Старый генерал на миг замер. Но в голосе его не прозвучало ничего.
– Они украли ложку?
В голосе адъютанта тоже не звучало ничего, он был твердым, невыразительным.
– Она швырнула в них ложкой. Ложка исчезла. У нее есть свидетели.
– Видевшие, как одна из них подняла ложку и спрятала, – сказал старый генерал.
Адъютант неподвижно стоял, не глядя ни на что.
– Еще она швырнула в них корзинкой. В корзинке было полно продуктов. Произошло то же самое, даже продукты не рассыпались.
– Ясно, – сказал старый генерал. – Она пришла сюда протестовать против чуда или просто заявить о нем?
– Так точно, – сказал адъютант. – Свидетели вам нужны?
– Одну истицу, – сказал старый генерал. – А иностранки пусть подождут.

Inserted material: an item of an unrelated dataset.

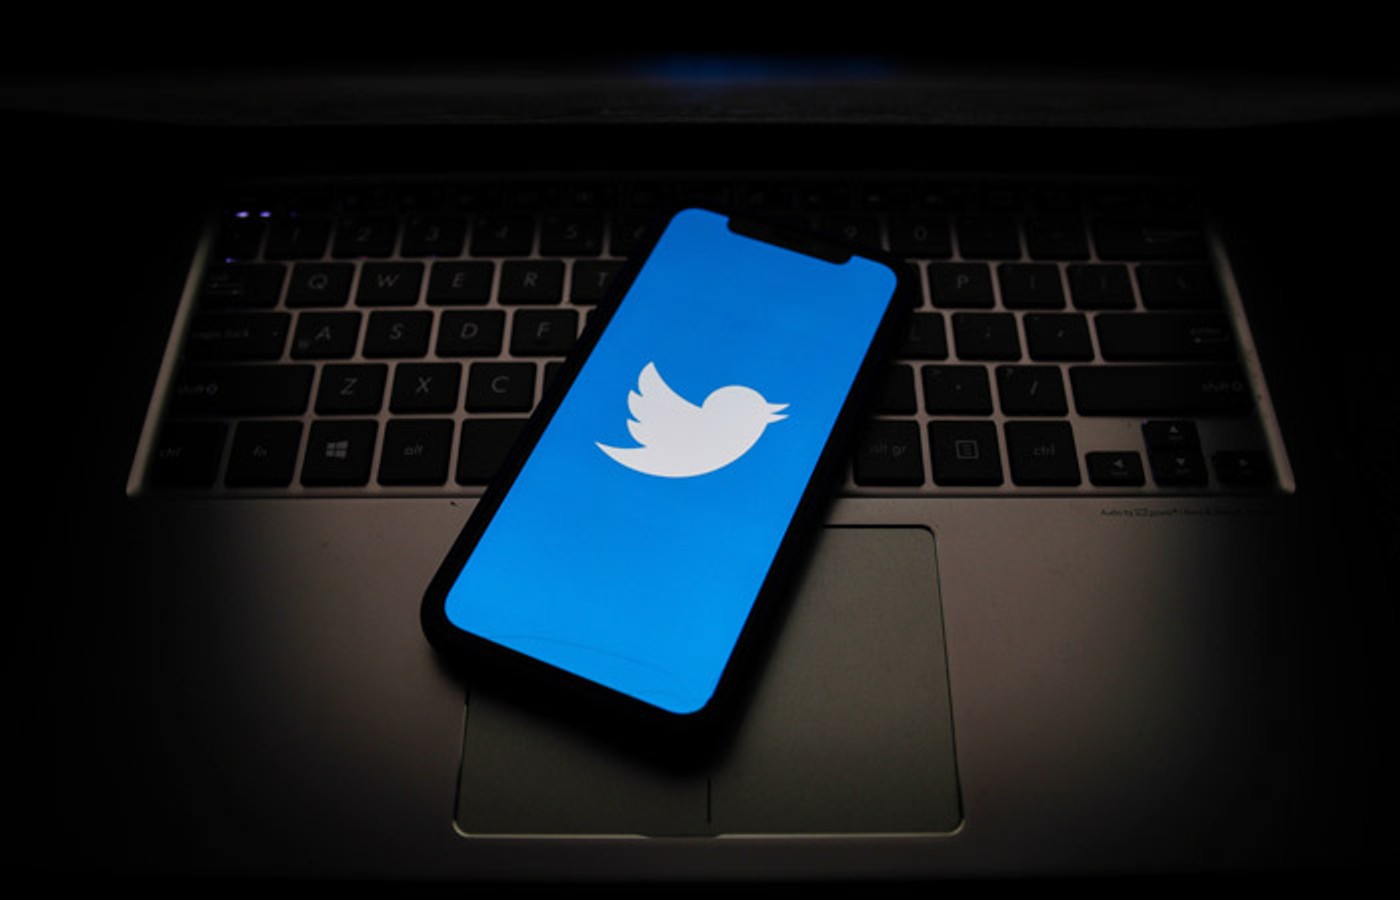 Загальна сума штрафів за позовами російських властей до Twitter досягла 8,9 млн рублів. Експерти сумніваються, що компанія буде їх оплачувати

– Слушаюсь, – ответил адъютант. Он снова вышел через маленькую дверь в конце комнаты. Однако секунду спустя снова оказался там, так как не успел перед кем-то посторониться. Его не втолкнули, а подхватили, внесли, потому что он возвышался не на полголовы и даже не на целую голову, а на полтуловища над тесной группой женщин в платках и шалях, возглавляемой крепкой приземистой особой лет пятидесяти, она остановилась у края белого ковра, словно у воды, и окинула комнату быстрым, зорким взглядом, потом бросила еще один быстрый взгляд на троих стариков за столом и безошибочно направилась к генералиссимусу, увлекая за собой всех, кроме адъютанта, который наконец высвободился и встал у двери; она твердым шагом подошла по белому ковру и заговорила сильным, уверенным голосом:
– Да, да. Не надейтесь спрятаться – во всяком случае, за мэра; здесь вас слишком много для этого. Когда-то я думала, что проклятием этой страны является множество мэрских лент и шпаг; теперь-то я знаю, что дело не в мэрах. А после четырех лет этой кутерьмы даже ребенок сразу же узнает генерала – если удастся найти его, когда будет нужно.

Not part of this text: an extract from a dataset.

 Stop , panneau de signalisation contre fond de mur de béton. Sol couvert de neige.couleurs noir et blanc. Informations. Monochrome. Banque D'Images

– В таком случае это третье чудо, – сказал старый генерал. – Потому что ваше первое утверждение противоречит второму.
– Чудо? – сказала женщина. – Ерунда. Чудо в том, что иностранцы за четыре года не разграбили нас до нитки. А теперь еще явились и американцы. Неужели Франция дошла до того, что вам нужно не только отнимать нашу посуду, но и привозить американцев, чтобы воевать дальше? Война, война, война. Когда-нибудь она вам надоест?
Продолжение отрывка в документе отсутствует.